Nurses like Jacqueline Sly vividly recall the early days of the COVID-19 pandemic, when little was known about the seemingly relentless infection, testing was limited, and shortages of personal protective equipment (PPE) made caregiving both fraught and frightening.

Witnessing their patients’ fear and suffering, nurses worried in particular about being forced to reuse equipment like N95 respirators—the highly sensitive filtering masks normally discarded after each patient encounter. What’s more, information and guidance on how to handle the equipment safely was scant.

“It was really distressing when I had to take on and off my mask [between patients],” recalls Sly, a certified family nurse practitioner who provides same-day urgent care as part of a family practice. “I was concerned about getting COVID myself and bringing it home to my family.”
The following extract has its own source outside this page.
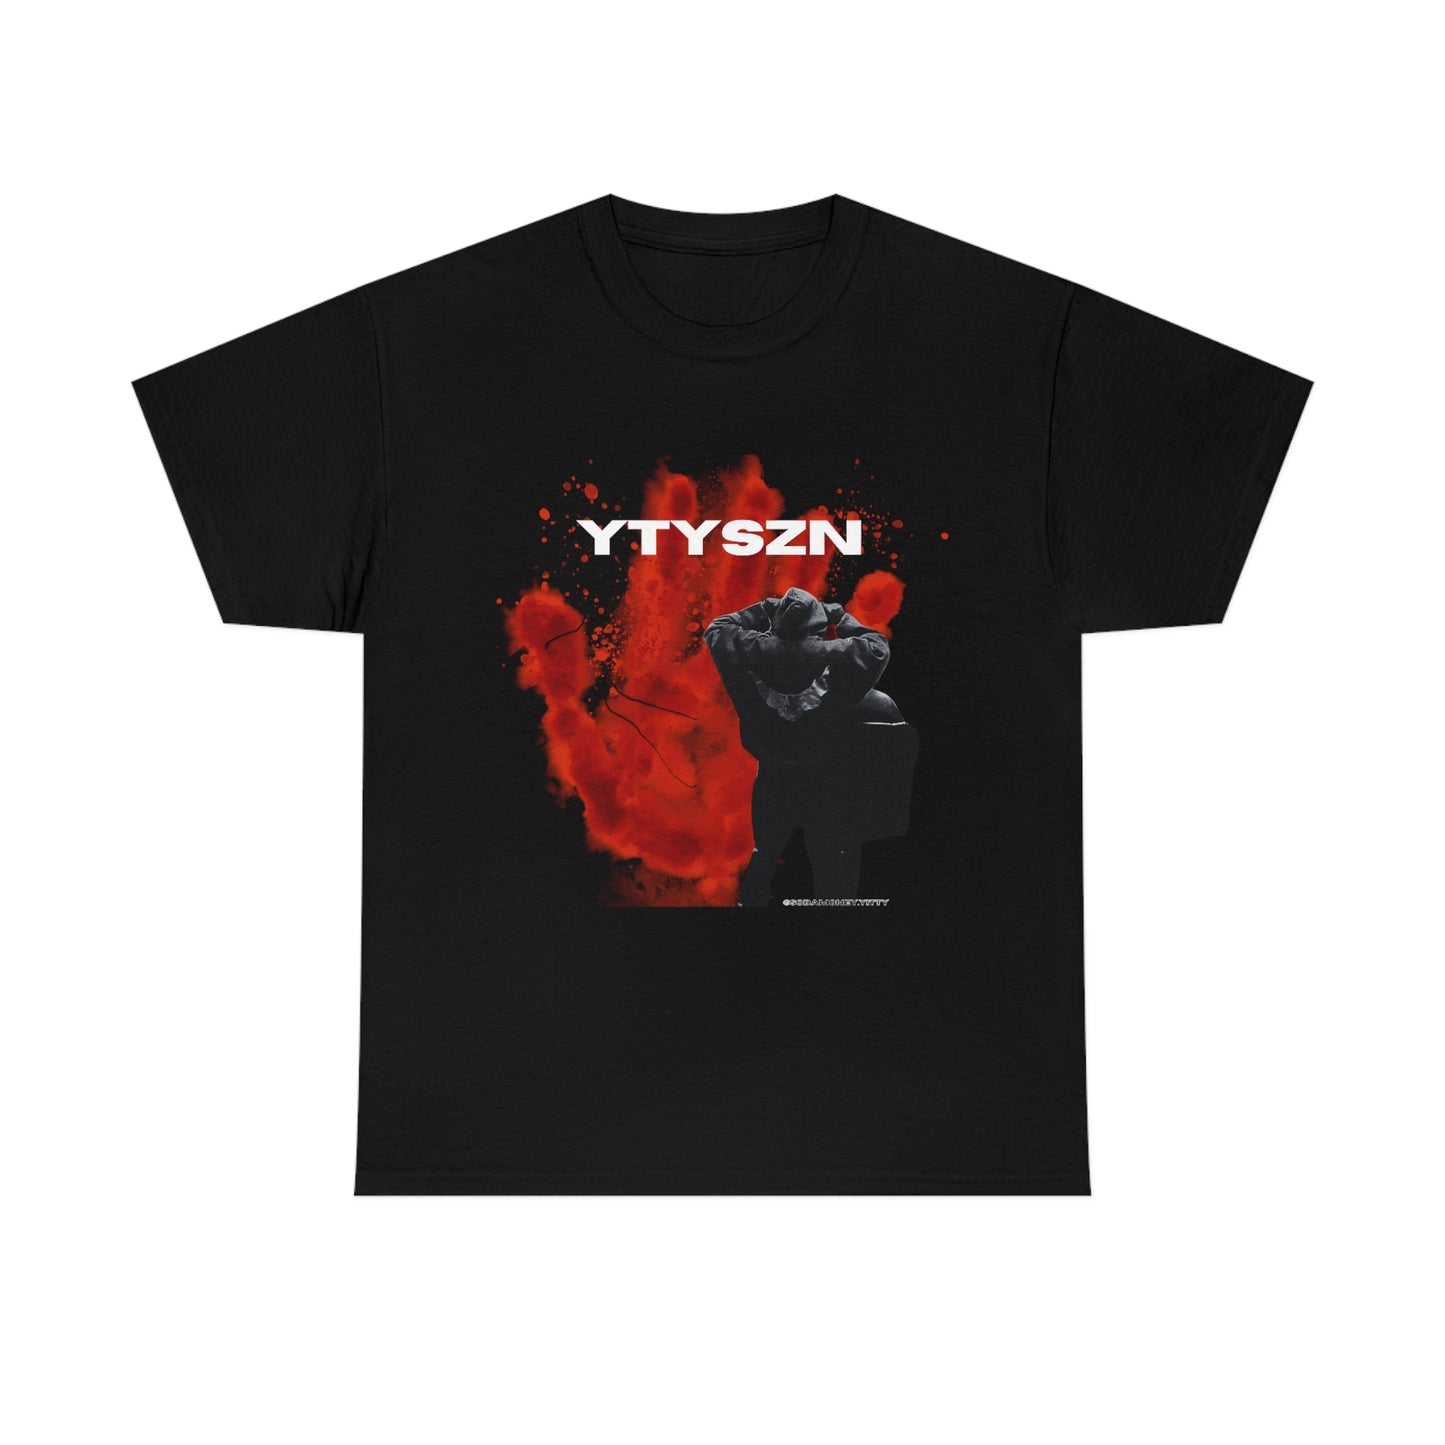 YTYSZN3 T-SHIRT
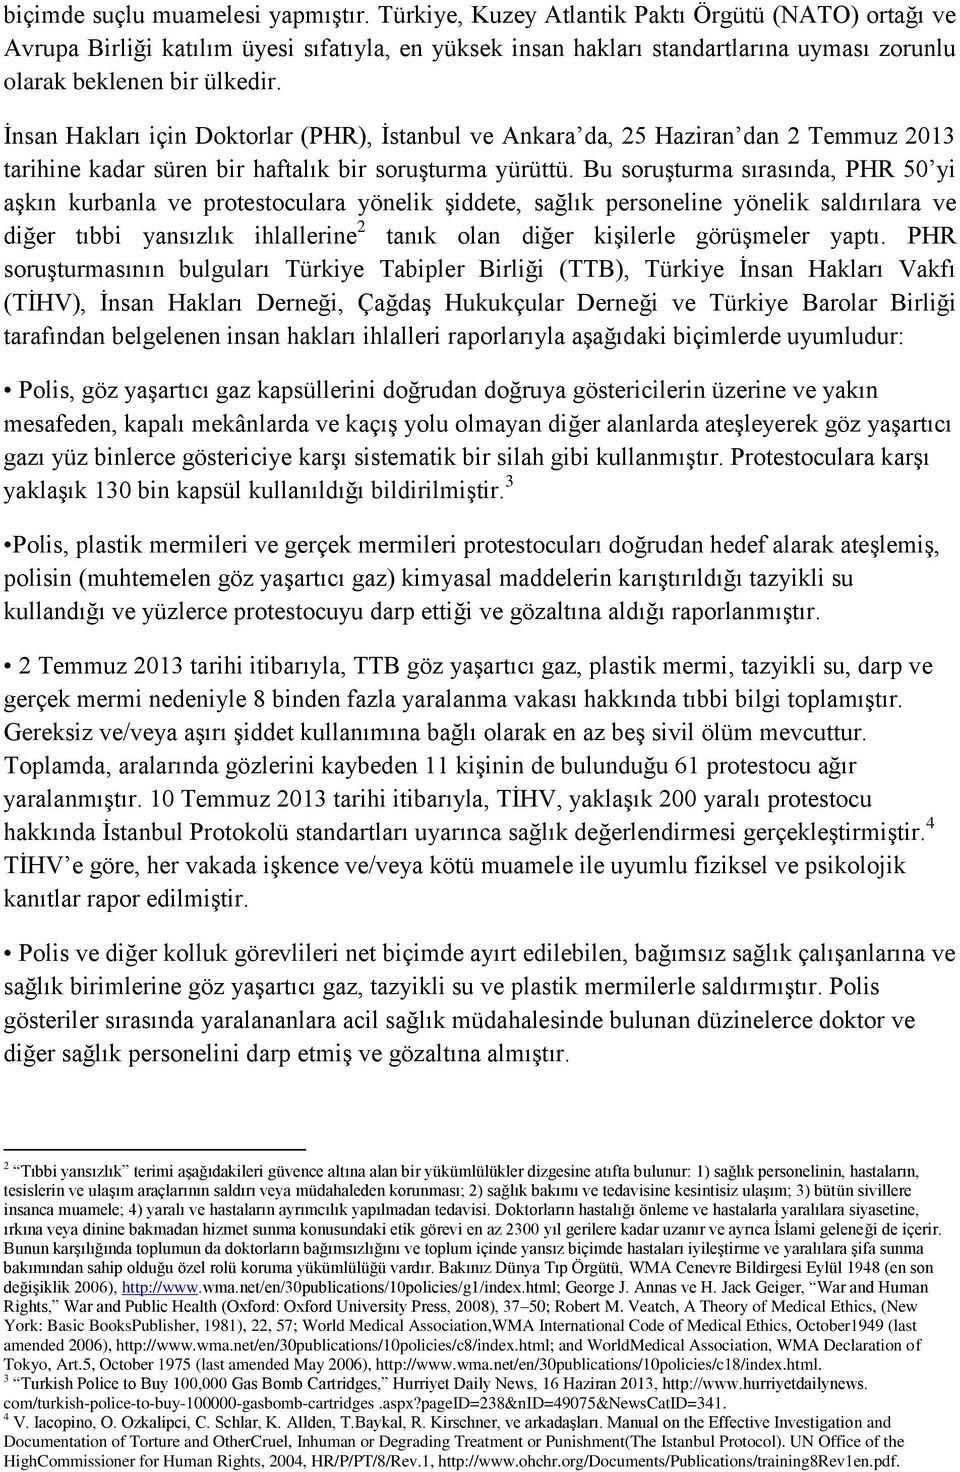 İnsan Hakları için Doktorlar (PHR), İstanbul ve Ankara da, 25 Haziran dan 2 Temmuz 2013 tarihine kadar süren bir haftalık bir soruşturma yürüttü.

But now, thanks to Sly and a small, stand-out team of innovator nurses in the Connell School’s new Doctor of Nursing Practice (DNP) program, educational materials are available to teach clinicians and caregivers how best to conserve previously worn, contaminated N95 masks.

“That’s what we know about nurses. Give us a problem, and we’ll fix it,” says Connell School Associate Dean for Graduate Programs Susan Kelly-Weeder.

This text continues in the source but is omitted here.